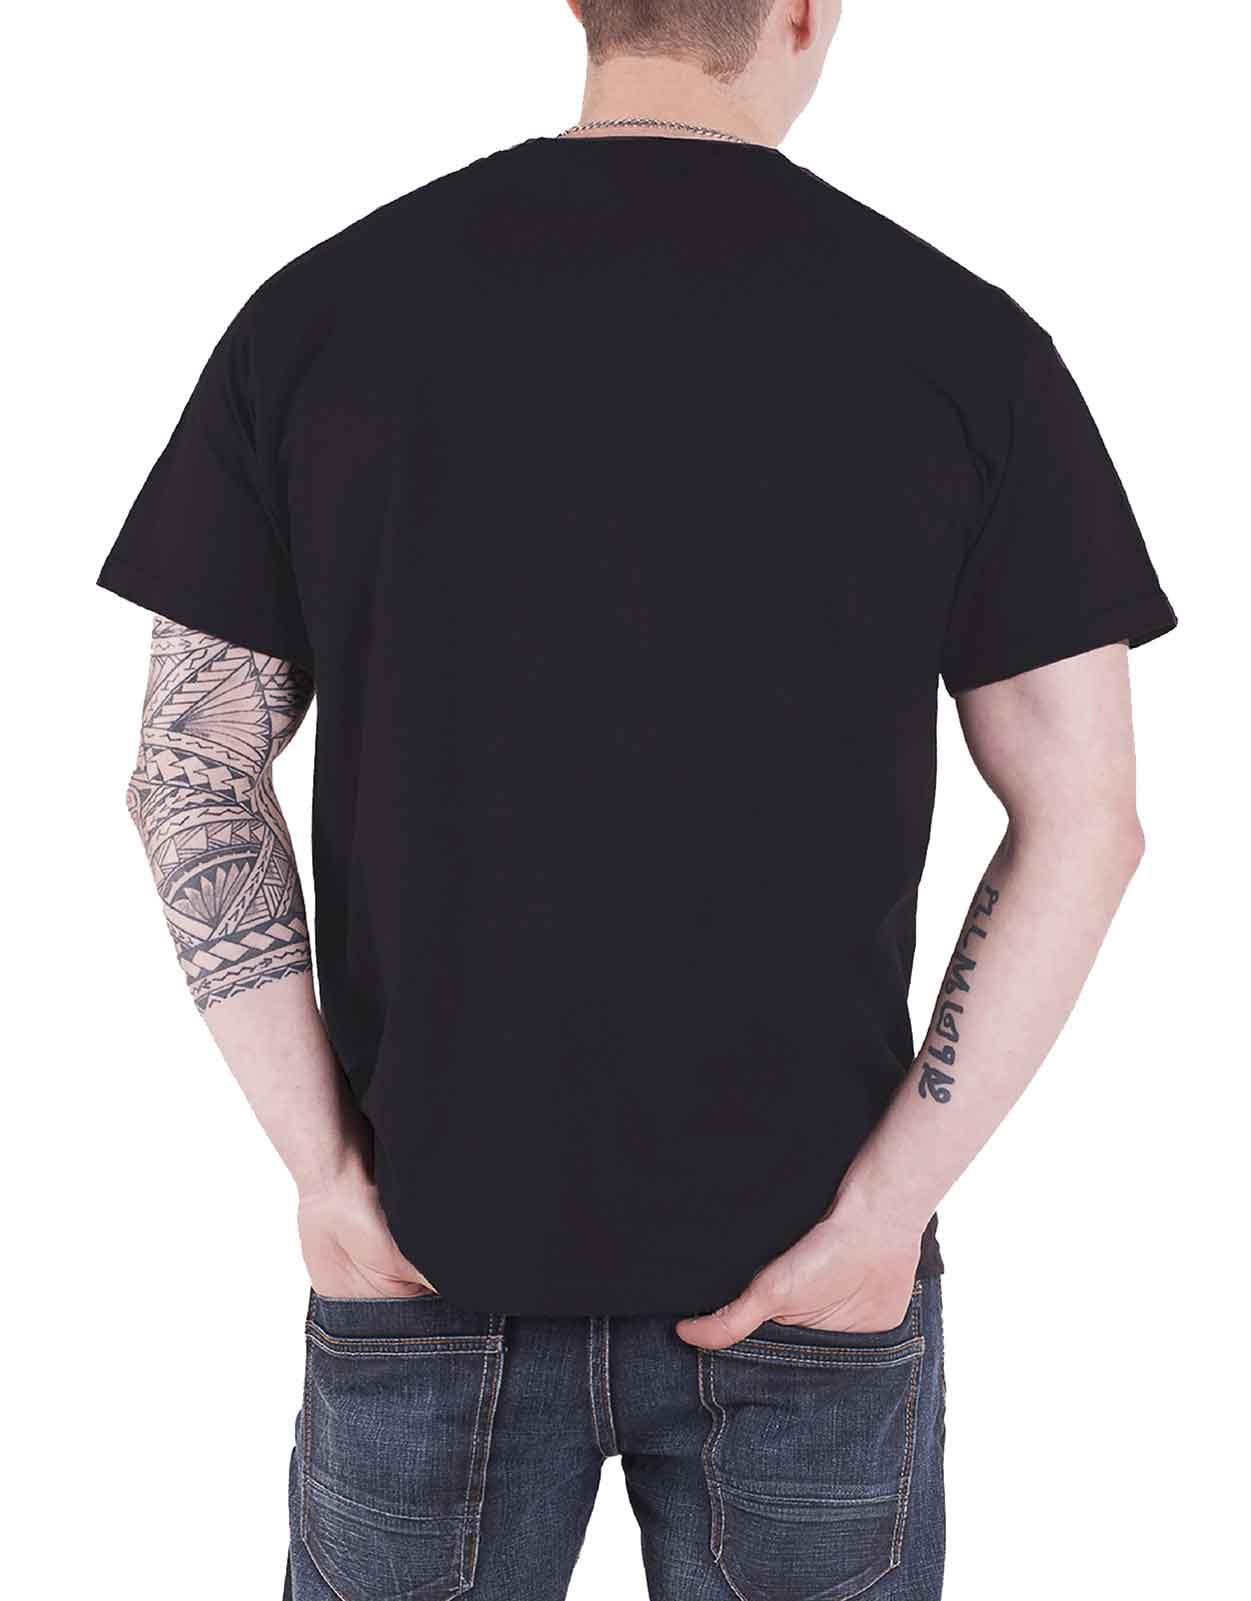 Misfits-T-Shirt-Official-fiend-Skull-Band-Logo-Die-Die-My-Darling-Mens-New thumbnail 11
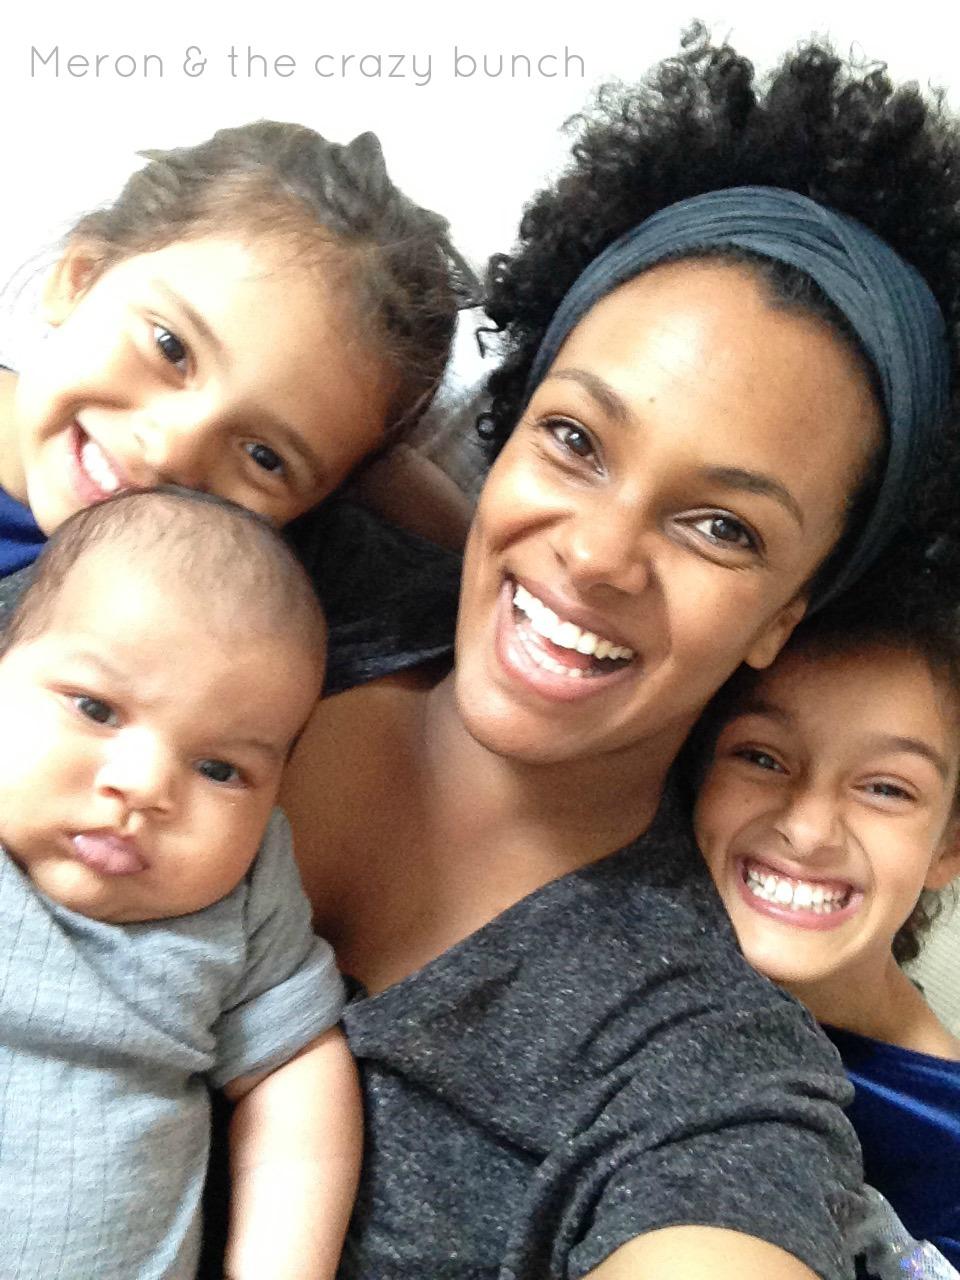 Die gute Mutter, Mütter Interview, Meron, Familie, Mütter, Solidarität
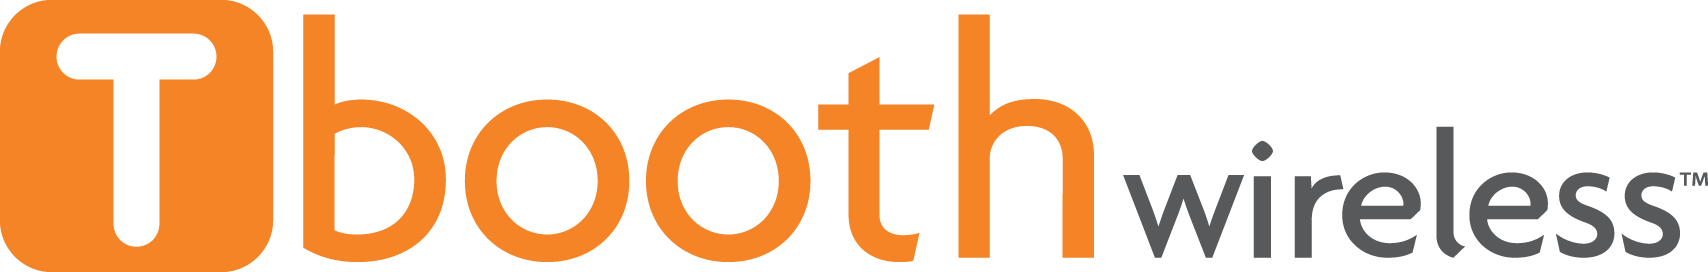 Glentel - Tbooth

^^^^^^^^^^^^^^^^

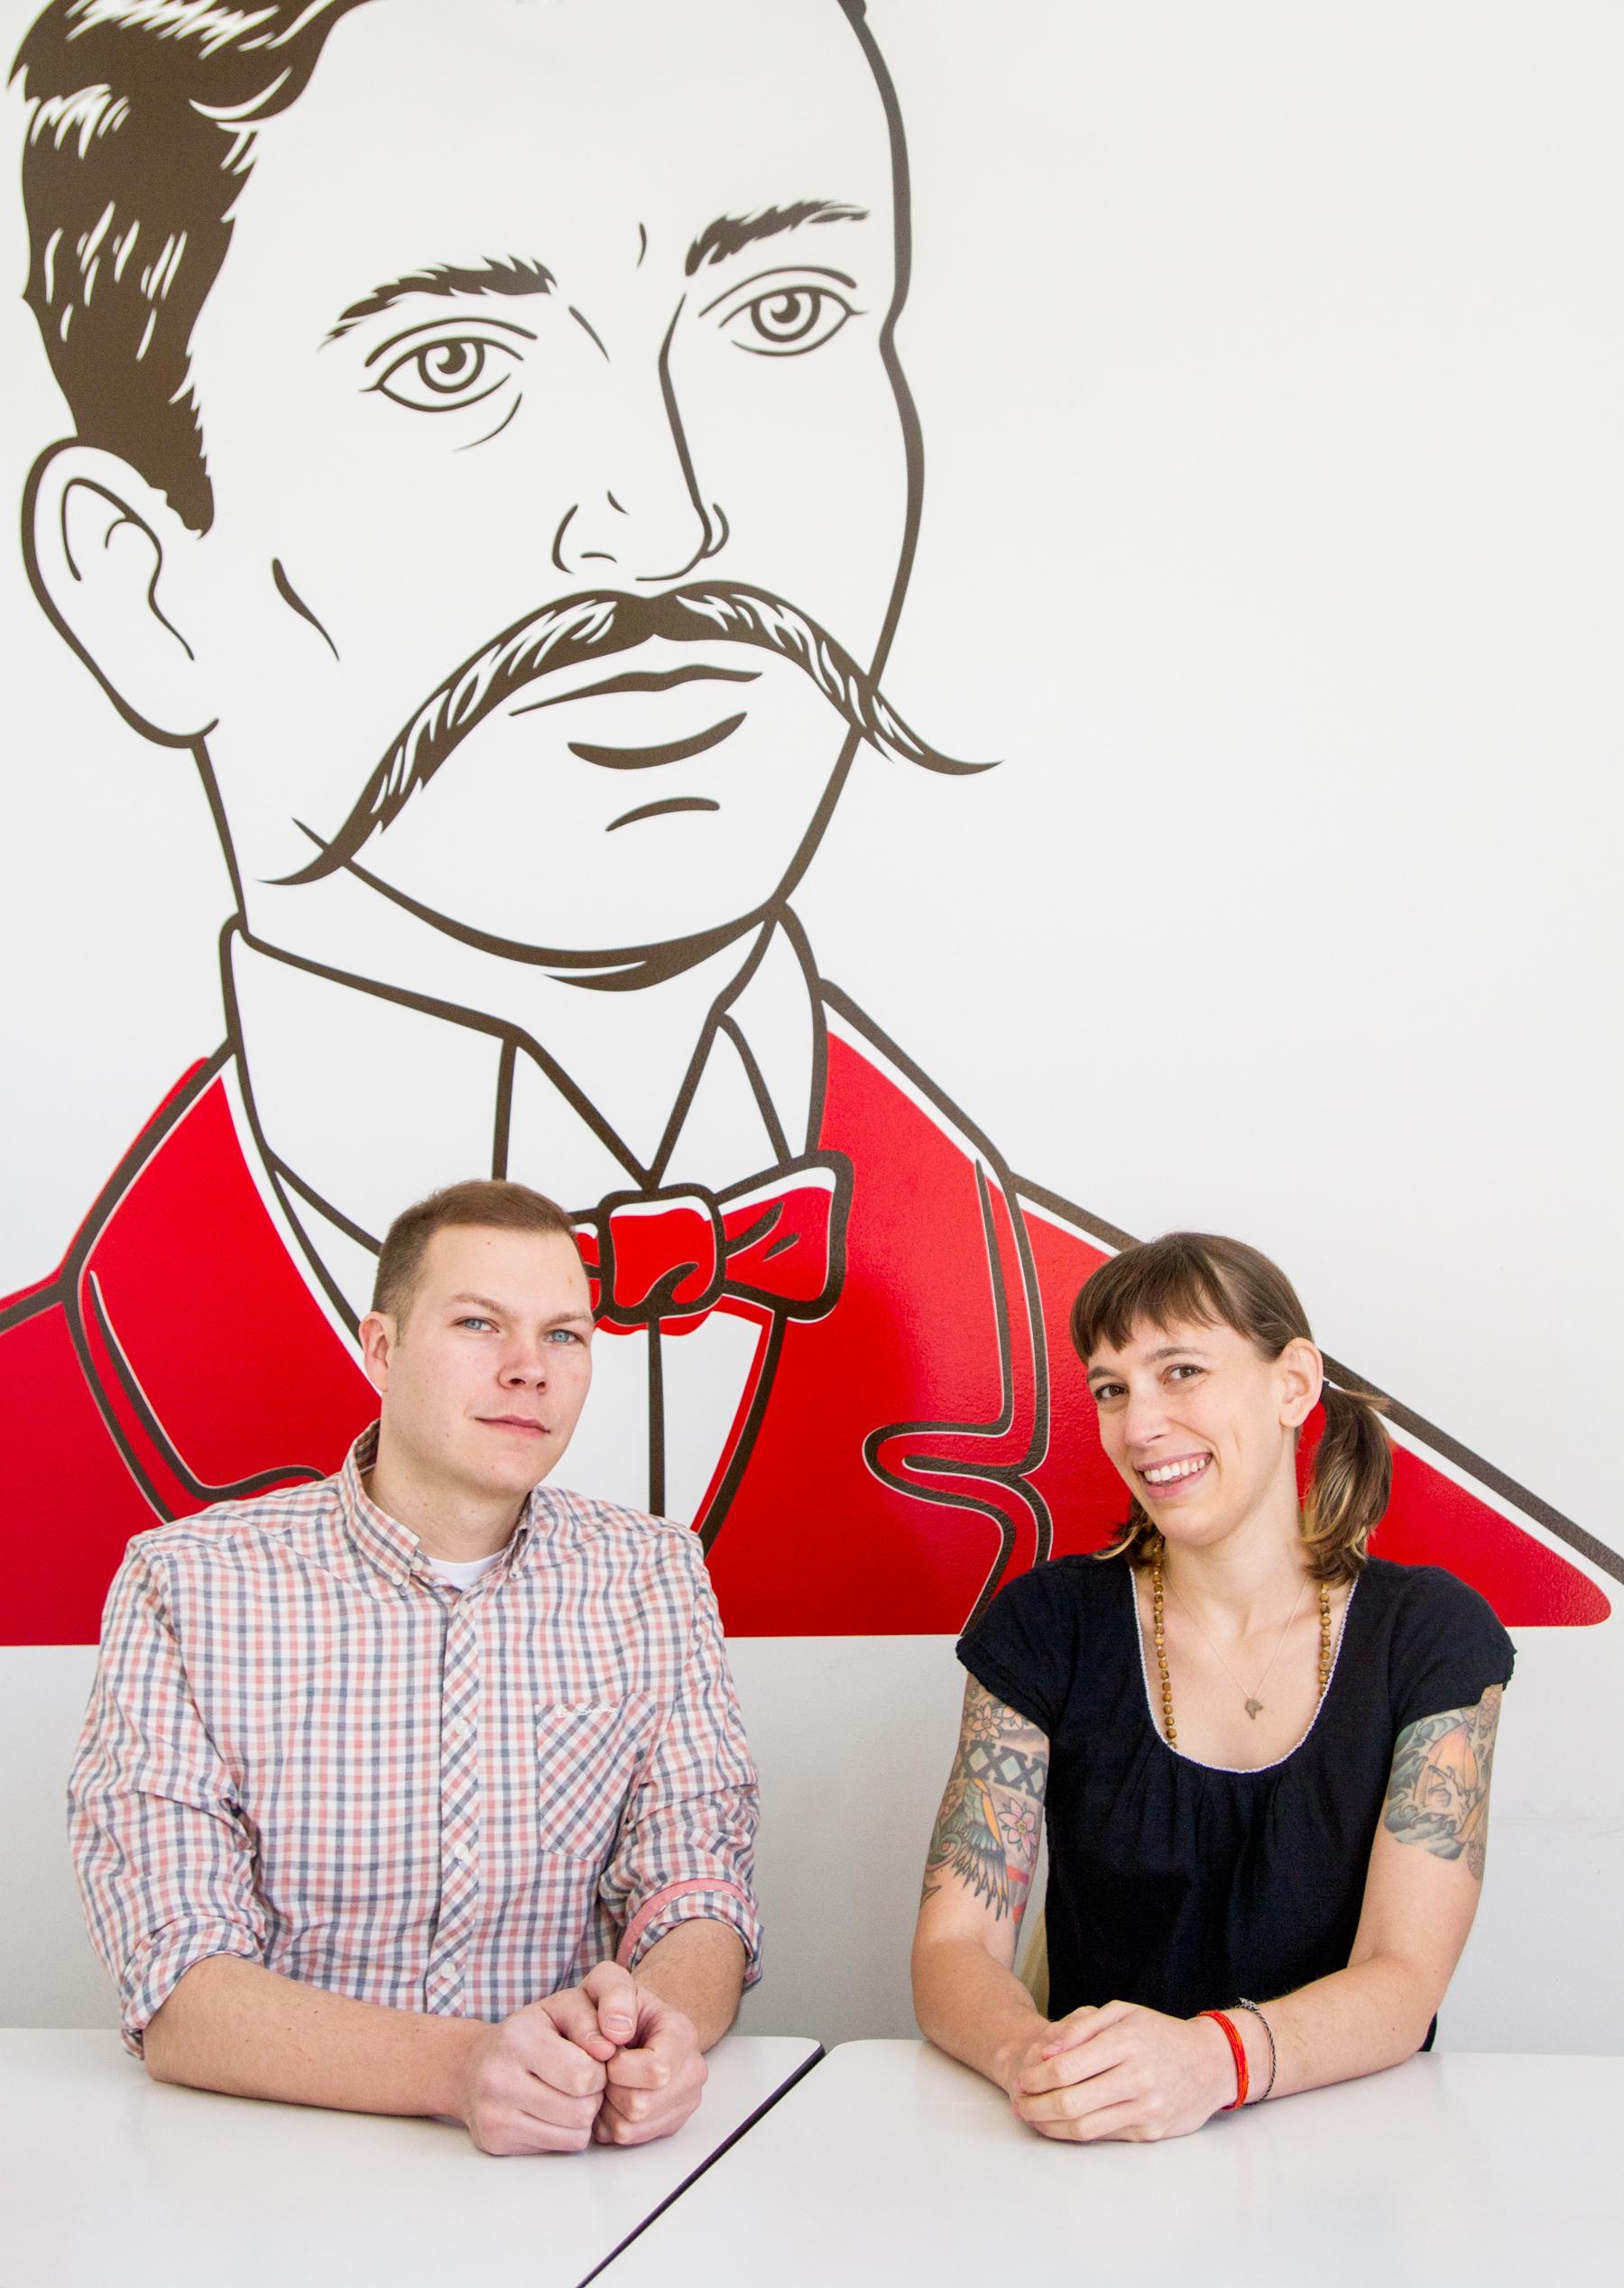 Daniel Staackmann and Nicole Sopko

^^^^^^^^^^^^^^^^

ASSIGNMENT:
Going back to the data above, write out everything from the line with "Die gute Mutter, Mütter" down to the line with "Glentel - Tbooth", both included, leaving every picture out.

WORKED SOLUTION:
 Die gute Mutter, Mütter Interview, Meron, Familie, Mütter, Solidarität
 Glentel - Tbooth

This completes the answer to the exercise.